EXERCISE DETAILS => Give back the entries verbatim.

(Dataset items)
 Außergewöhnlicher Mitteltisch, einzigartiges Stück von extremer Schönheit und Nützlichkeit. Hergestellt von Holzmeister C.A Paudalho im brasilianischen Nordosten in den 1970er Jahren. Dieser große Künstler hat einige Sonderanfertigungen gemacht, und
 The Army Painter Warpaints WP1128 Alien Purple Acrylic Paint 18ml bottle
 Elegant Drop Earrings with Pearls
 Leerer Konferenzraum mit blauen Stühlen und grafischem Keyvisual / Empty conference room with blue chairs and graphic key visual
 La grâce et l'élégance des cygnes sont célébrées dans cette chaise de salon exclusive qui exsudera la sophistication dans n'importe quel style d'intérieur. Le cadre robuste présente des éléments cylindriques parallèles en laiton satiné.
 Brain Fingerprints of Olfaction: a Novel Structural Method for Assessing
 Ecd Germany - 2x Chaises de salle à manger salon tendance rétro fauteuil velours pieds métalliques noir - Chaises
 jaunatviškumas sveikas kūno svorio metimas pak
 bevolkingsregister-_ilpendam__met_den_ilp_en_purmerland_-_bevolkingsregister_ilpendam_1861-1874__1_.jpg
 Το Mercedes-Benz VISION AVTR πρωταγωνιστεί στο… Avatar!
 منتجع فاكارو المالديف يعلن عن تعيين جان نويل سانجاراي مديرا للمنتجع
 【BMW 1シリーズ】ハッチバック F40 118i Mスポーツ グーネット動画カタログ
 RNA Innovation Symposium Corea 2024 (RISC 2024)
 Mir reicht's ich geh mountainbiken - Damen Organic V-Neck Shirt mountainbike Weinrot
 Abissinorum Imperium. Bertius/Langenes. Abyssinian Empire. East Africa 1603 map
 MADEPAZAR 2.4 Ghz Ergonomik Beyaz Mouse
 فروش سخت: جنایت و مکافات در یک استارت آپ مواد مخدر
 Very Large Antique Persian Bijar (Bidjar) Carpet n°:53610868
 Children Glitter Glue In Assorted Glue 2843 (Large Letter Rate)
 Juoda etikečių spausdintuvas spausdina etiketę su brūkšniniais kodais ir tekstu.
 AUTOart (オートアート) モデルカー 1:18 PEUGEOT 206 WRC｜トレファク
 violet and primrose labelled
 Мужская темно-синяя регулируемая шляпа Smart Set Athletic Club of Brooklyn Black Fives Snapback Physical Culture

ANSWER =>
 Außergewöhnlicher Mitteltisch, einzigartiges Stück von extremer Schönheit und Nützlichkeit. Hergestellt von Holzmeister C.A Paudalho im brasilianischen Nordosten in den 1970er Jahren. Dieser große Künstler hat einige Sonderanfertigungen gemacht, und
 The Army Painter Warpaints WP1128 Alien Purple Acrylic Paint 18ml bottle
 Elegant Drop Earrings with Pearls
 Leerer Konferenzraum mit blauen Stühlen und grafischem Keyvisual / Empty conference room with blue chairs and graphic key visual
 La grâce et l'élégance des cygnes sont célébrées dans cette chaise de salon exclusive qui exsudera la sophistication dans n'importe quel style d'intérieur. Le cadre robuste présente des éléments cylindriques parallèles en laiton satiné.
 Brain Fingerprints of Olfaction: a Novel Structural Method for Assessing
 Ecd Germany - 2x Chaises de salle à manger salon tendance rétro fauteuil velours pieds métalliques noir - Chaises
 jaunatviškumas sveikas kūno svorio metimas pak
 bevolkingsregister-_ilpendam__met_den_ilp_en_purmerland_-_bevolkingsregister_ilpendam_1861-1874__1_.jpg
 Το Mercedes-Benz VISION AVTR πρωταγωνιστεί στο… Avatar!
 منتجع فاكارو المالديف يعلن عن تعيين جان نويل سانجاراي مديرا للمنتجع
 【BMW 1シリーズ】ハッチバック F40 118i Mスポーツ グーネット動画カタログ
 RNA Innovation Symposium Corea 2024 (RISC 2024)
 Mir reicht's ich geh mountainbiken - Damen Organic V-Neck Shirt mountainbike Weinrot
 Abissinorum Imperium. Bertius/Langenes. Abyssinian Empire. East Africa 1603 map
 MADEPAZAR 2.4 Ghz Ergonomik Beyaz Mouse
 فروش سخت: جنایت و مکافات در یک استارت آپ مواد مخدر
 Very Large Antique Persian Bijar (Bidjar) Carpet n°:53610868
 Children Glitter Glue In Assorted Glue 2843 (Large Letter Rate)
 Juoda etikečių spausdintuvas spausdina etiketę su brūkšniniais kodais ir tekstu.
 AUTOart (オートアート) モデルカー 1:18 PEUGEOT 206 WRC｜トレファク
 violet and primrose labelled
 Мужская темно-синяя регулируемая шляпа Smart Set Athletic Club of Brooklyn Black Fives Snapback Physical Culture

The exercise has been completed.